----- Data for review

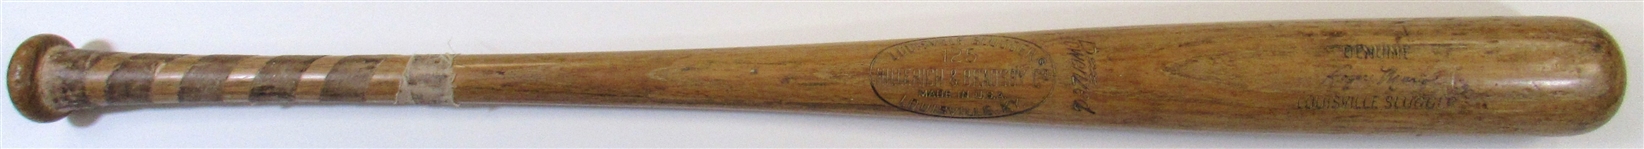 1967 Roger Maris GU Bat PSA 10 (World Series Bat)
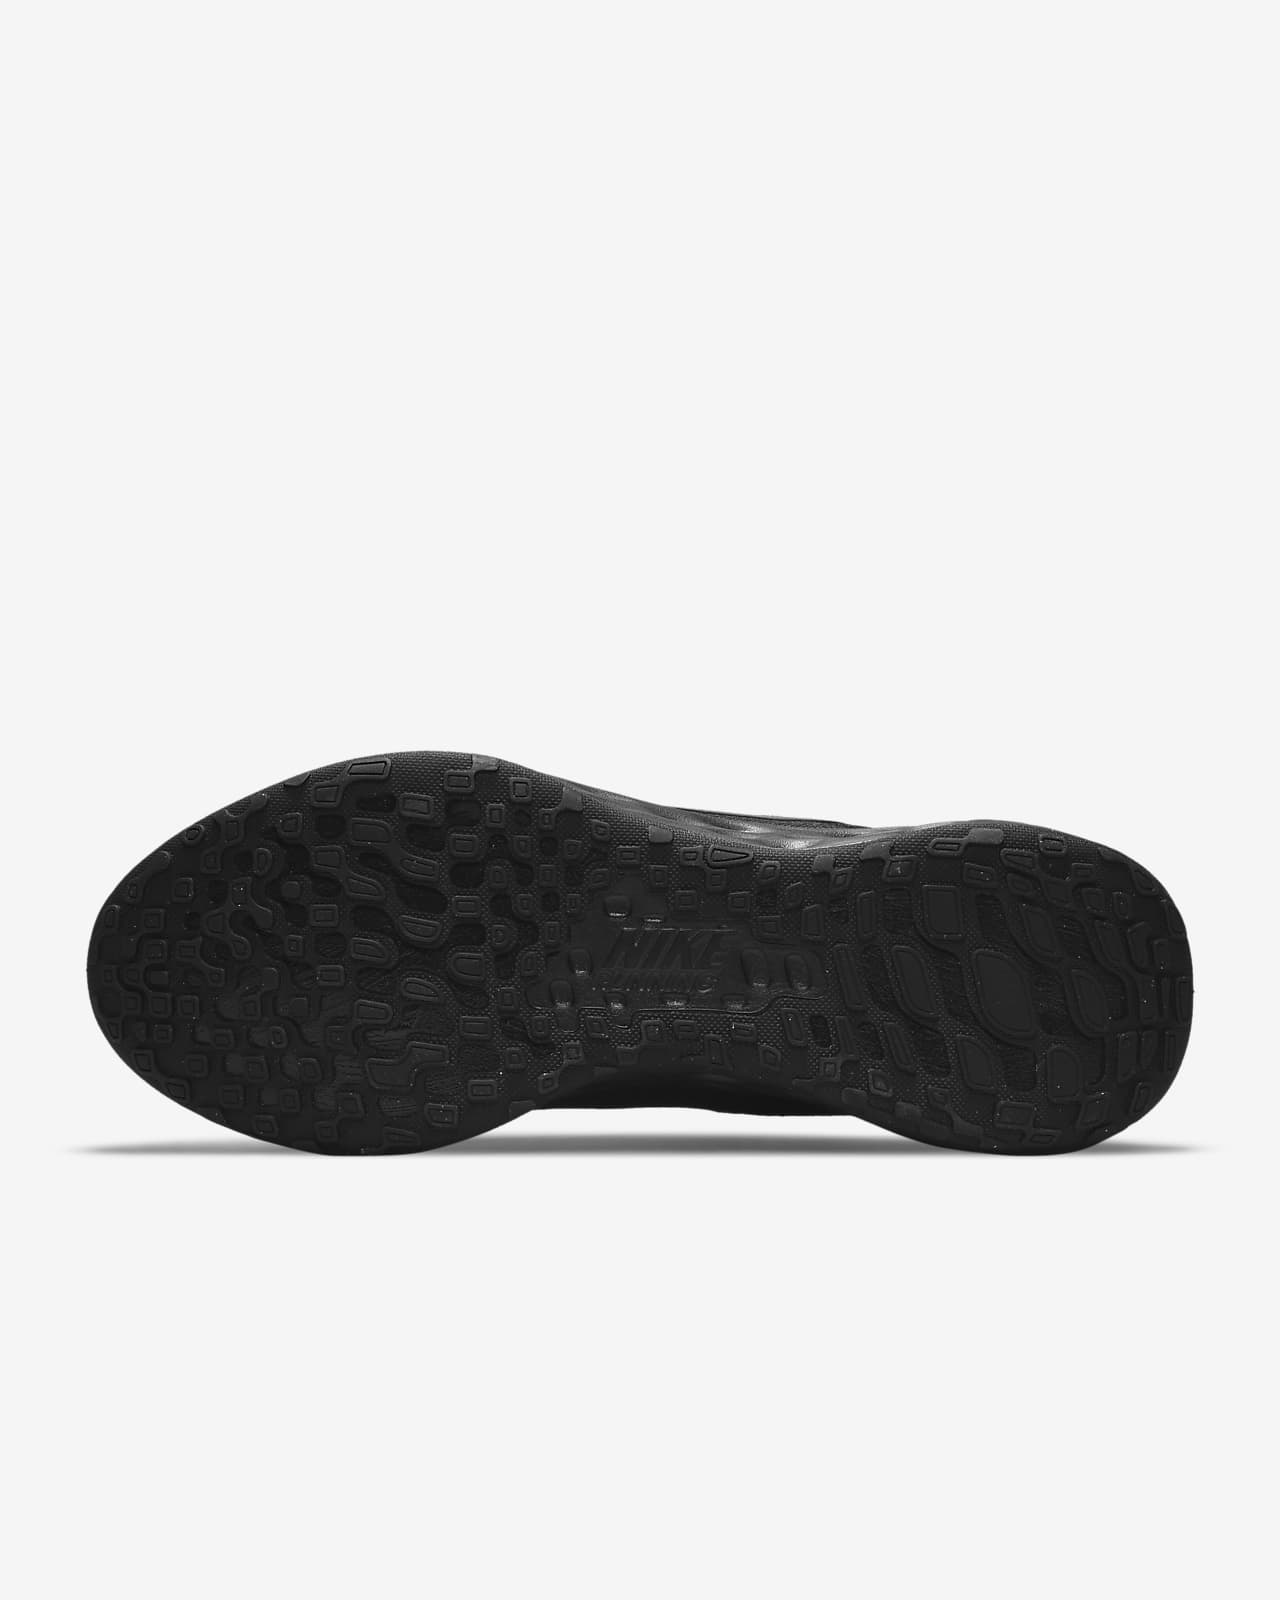 Nike NIKE REVOLUTION 6 NN Noir / Blanc - Livraison Gratuite  Spartoo ! - Chaussures  Chaussures-de-sport Homme 37,80 €
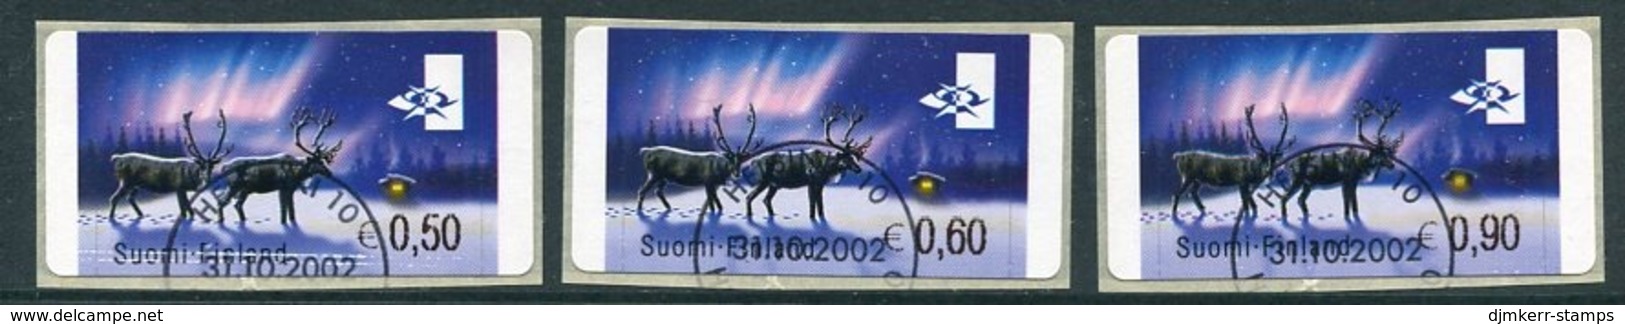 FINLAND 2002 Reindeer ATM, Three Values Used.  Michel 37 - Viñetas De Franqueo [ATM]
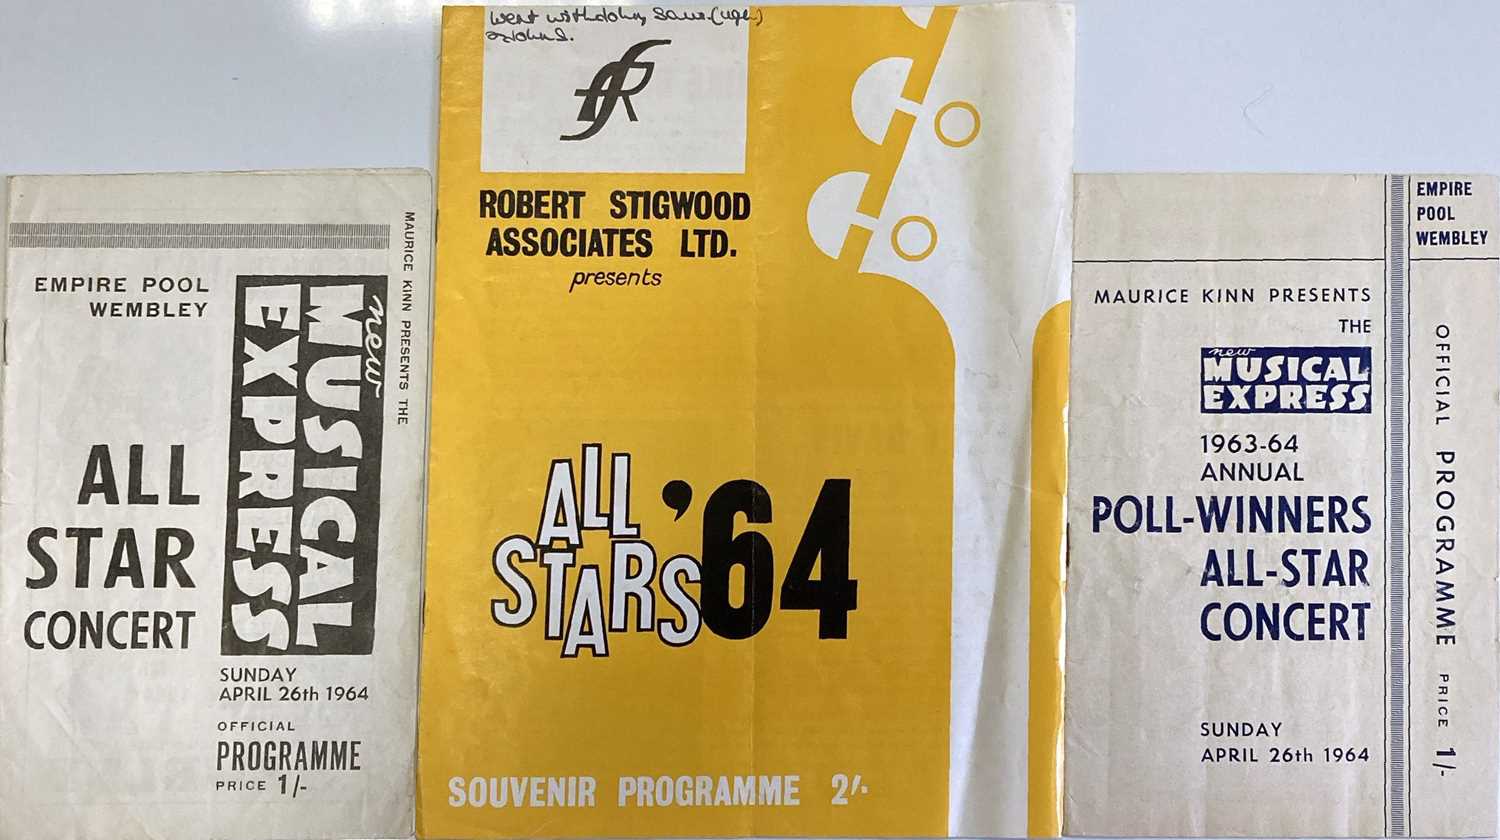 Lot 576 - ROLLING STONES / BEATLES PROGRAMMES - 1964.
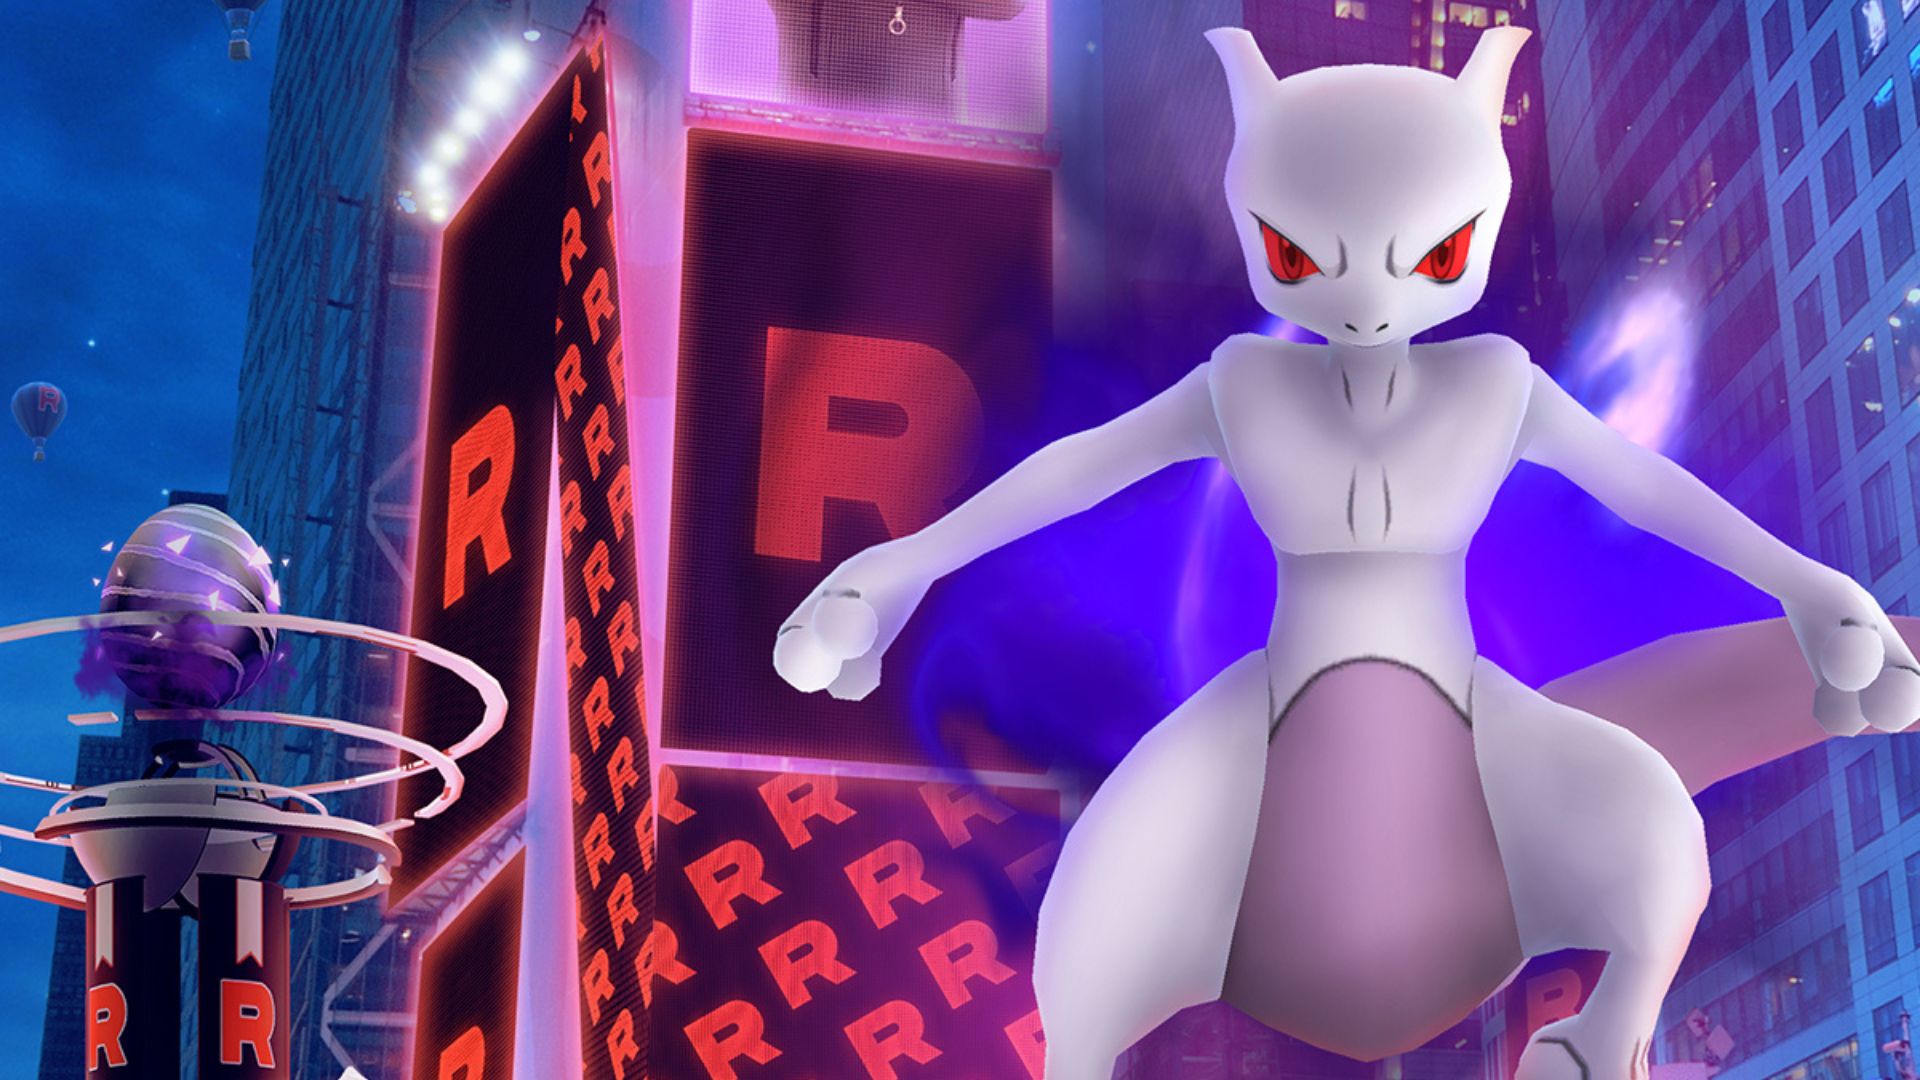 Lifting&Zombies on X: Ummm, I just found a Shadow Mewtwo raid! 🤣 # PokemonGO  / X

----------

The expected output is an exact copy of the lines from the one with "FINLAND 2002 Reindeer" to the final line of the entries above, pictures excepted; please include both ends.

 FINLAND 2002 Reindeer ATM, Three Values Used.  Michel 37 - Viñetas De Franqueo [ATM]
 Lot 576 - ROLLING STONES / BEATLES PROGRAMMES - 1964.
 Lifting&Zombies on X: Ummm, I just found a Shadow Mewtwo raid! 🤣 # PokemonGO  / X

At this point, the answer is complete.